**Exercise goal**
Quote word for word from the line holding "O Zé descamisado" to the last line below, including both, and omit any pictures.
*** Data extract Section Begins ***
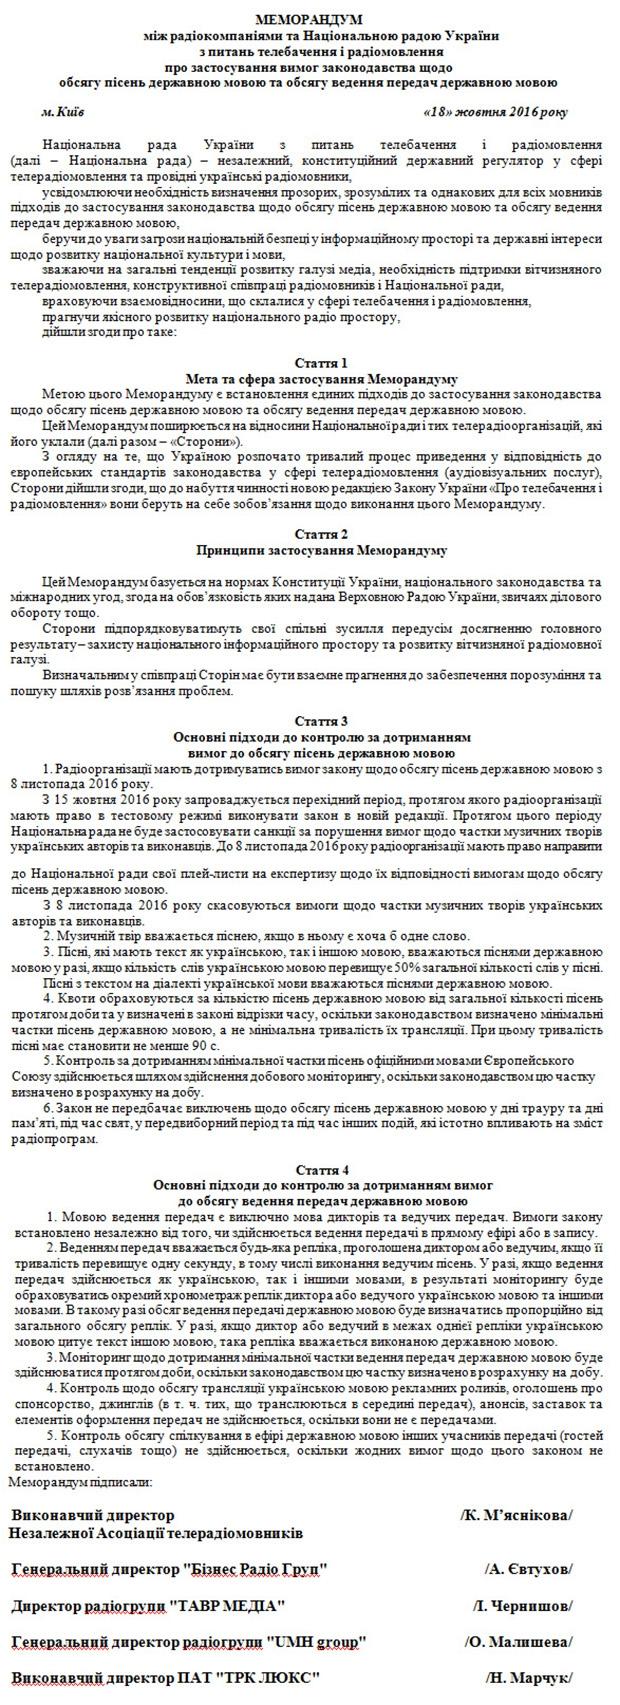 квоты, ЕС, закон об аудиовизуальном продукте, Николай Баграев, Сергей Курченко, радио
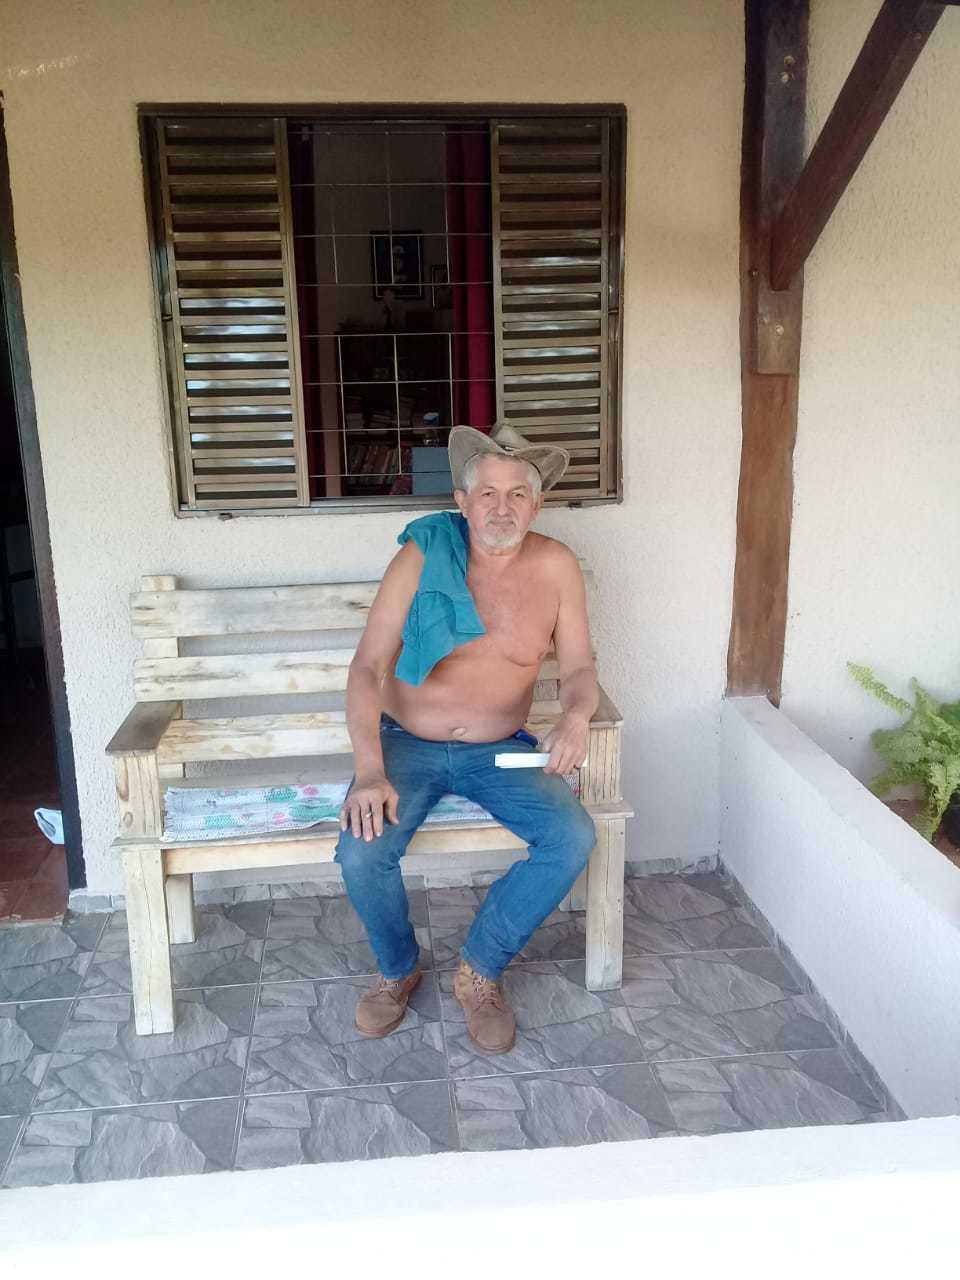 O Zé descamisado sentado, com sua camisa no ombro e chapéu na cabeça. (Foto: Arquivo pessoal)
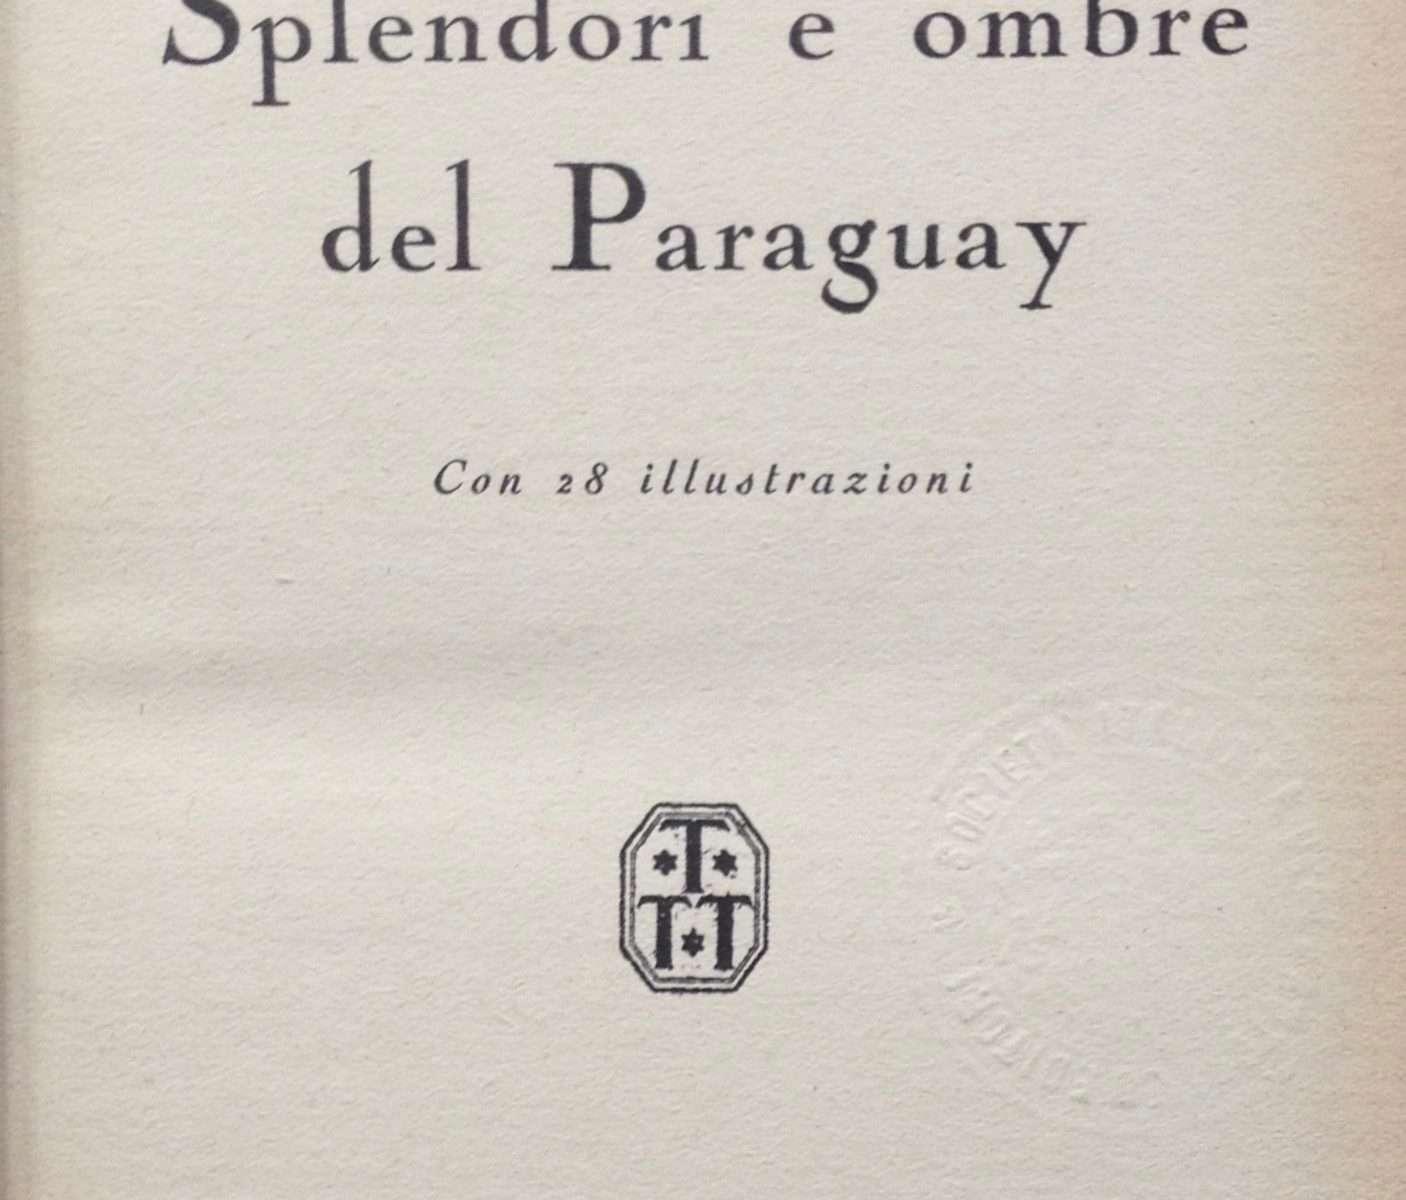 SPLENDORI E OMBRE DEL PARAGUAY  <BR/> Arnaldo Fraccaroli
*** Data extract Section Ends ***
**Result of the task**
 O Zé descamisado sentado, com sua camisa no ombro e chapéu na cabeça. (Foto: Arquivo pessoal)
 SPLENDORI E OMBRE DEL PARAGUAY  <BR/> Arnaldo Fraccaroli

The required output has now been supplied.